Planning the admin update area

What I want to do now is give you an overview of the Administrative Area that has been set up at this point. And also, what the plan is for building an Update User Area. So, if I go out to the Admin homepage, right now we have Insert a New User and Update User Information. The Insert a New User was done in another movie, so the idea is we need a way for the administration within Scuba2U to be able to update information within the database.

And they don't have a specific database access or interface in order to be able to modify the database data directly. We want to create a web-based update system for them. So, they go out onto the company website and they're able to modify information about the members who are available within the Scuba2U website, and not just Guest members but Admin members. And they can also switch and move somebody from a Guest Member into an Admin Member. So, they're going to be able switch their role within the website Member Area, on top of being able add new people using the Insert a New User. Or modify the data on a person who has already registered. So, let's take a look at the pre-designed pages we have set up in order to accomplish the update portion.

Right now, there is an Admin User List page. And within this page, a table has been set up to store information about a user. Now, the way I've set this up, I do have all of their information being listed here, within this table. Now, we may or may not want all of that information available for a user, but I have it all set up so we can pull all of the information into this table. Once we do that, this will be a complete listing of every member within our website, whether they are a guest role or an admin role. So, we'll pull data from the database in order to populate this information with every member within Scuba2U, and the Member Area within our website. Now, once we pull the data out into this table, so that will be our first step, is to populate this table with database data of all of our members. The second piece of what needs to be done is this user ID number is going to become a hyperlink to the next page.

So, if we need to modify a users information, we're going to have them click the user ID link for that member. When we do that, it will take them to a second page, and that is our Admin User Update page. Once the admin clicks on that User ID hyperlink, this form will be populated with that particular members information. So, each one of these will be filled in by database data. Now once that is done, we can go in and modify any of the information within the database by changing the information that's printed here and clicking this button.
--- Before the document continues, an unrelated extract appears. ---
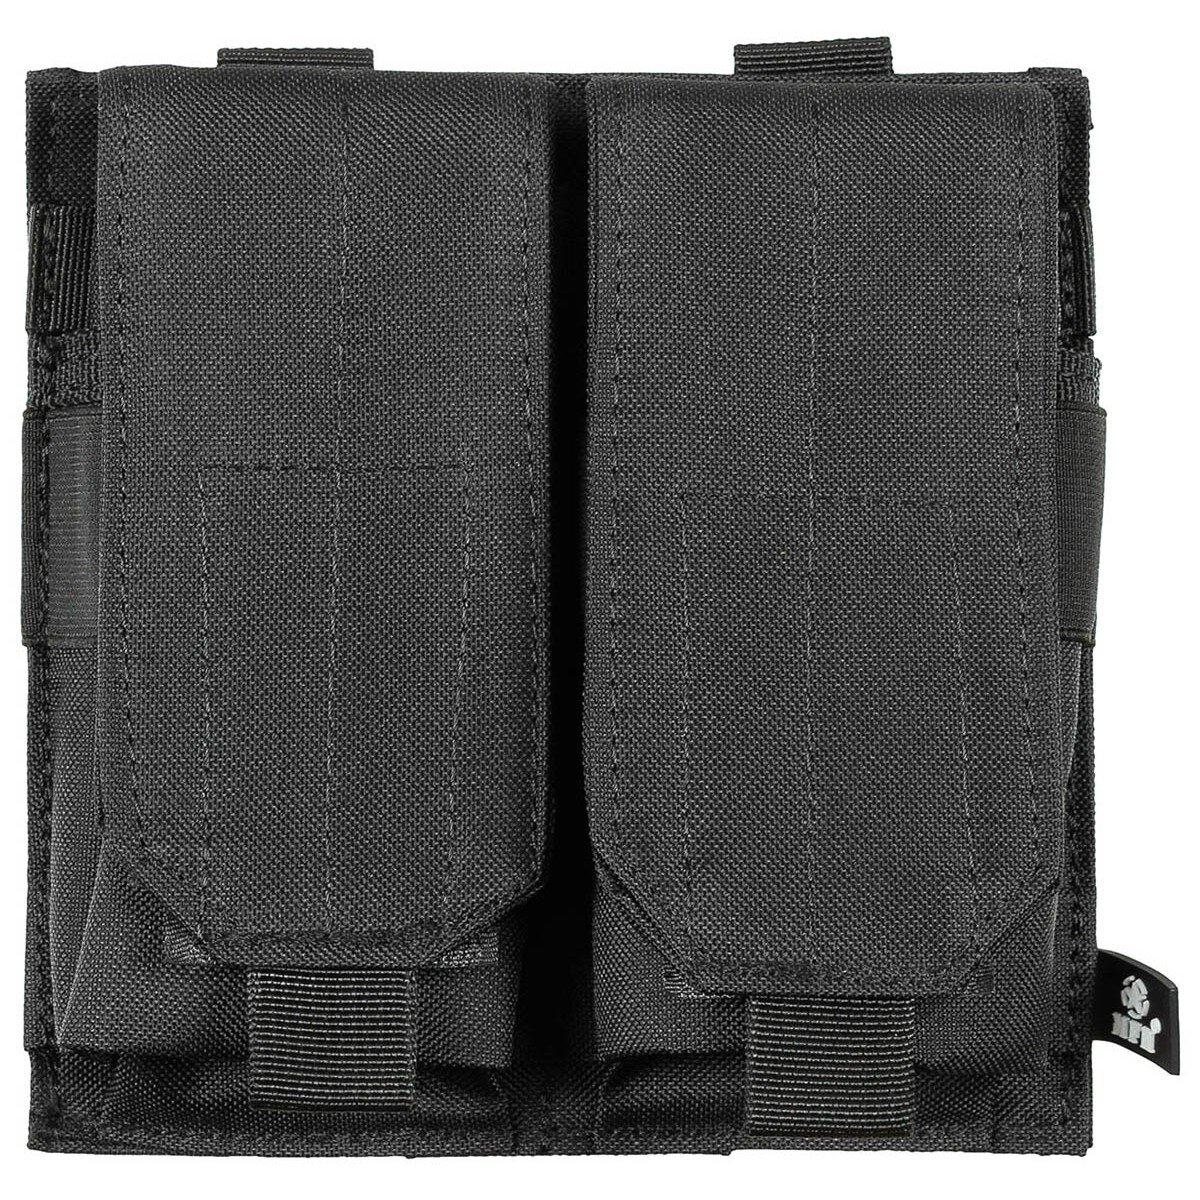 Ammo Pouch, double, "MOLLE", black

Now, this button says, Insert New User, and we will have to change that to say, Update User, because this is our update form, not our insert form. And the difference is, inserting a new user adds information to the database. Update simply changes information that is already stored within the database. So, that is a plan for this whole administrative interface. So, there's actually three different pieces we need to do to put this together.

But the first piece we need to address is getting our user list printing out all of our members within this table and making this User ID a hyperlink so we can pass that User ID to the Update page. The second portion will be working with this page, placing that information from the database for that member into this form. And then, once that is done, we need to activate this button to change the data within the database based on the new information.

And then, we'll take the user right back to the User List so they can confirm that the data was changed and modify another member's information if they need to do so. So, that is our Administrative Area. It is a way to update member information within our website, specifically the website database for all of the various members. Now, if we look at that database, it is the Login table is what we're going to be modifying.

So, we'll be working in the Login table within our database once we move into planning these pages and getting them set up. So, let's get started building our user or member update area.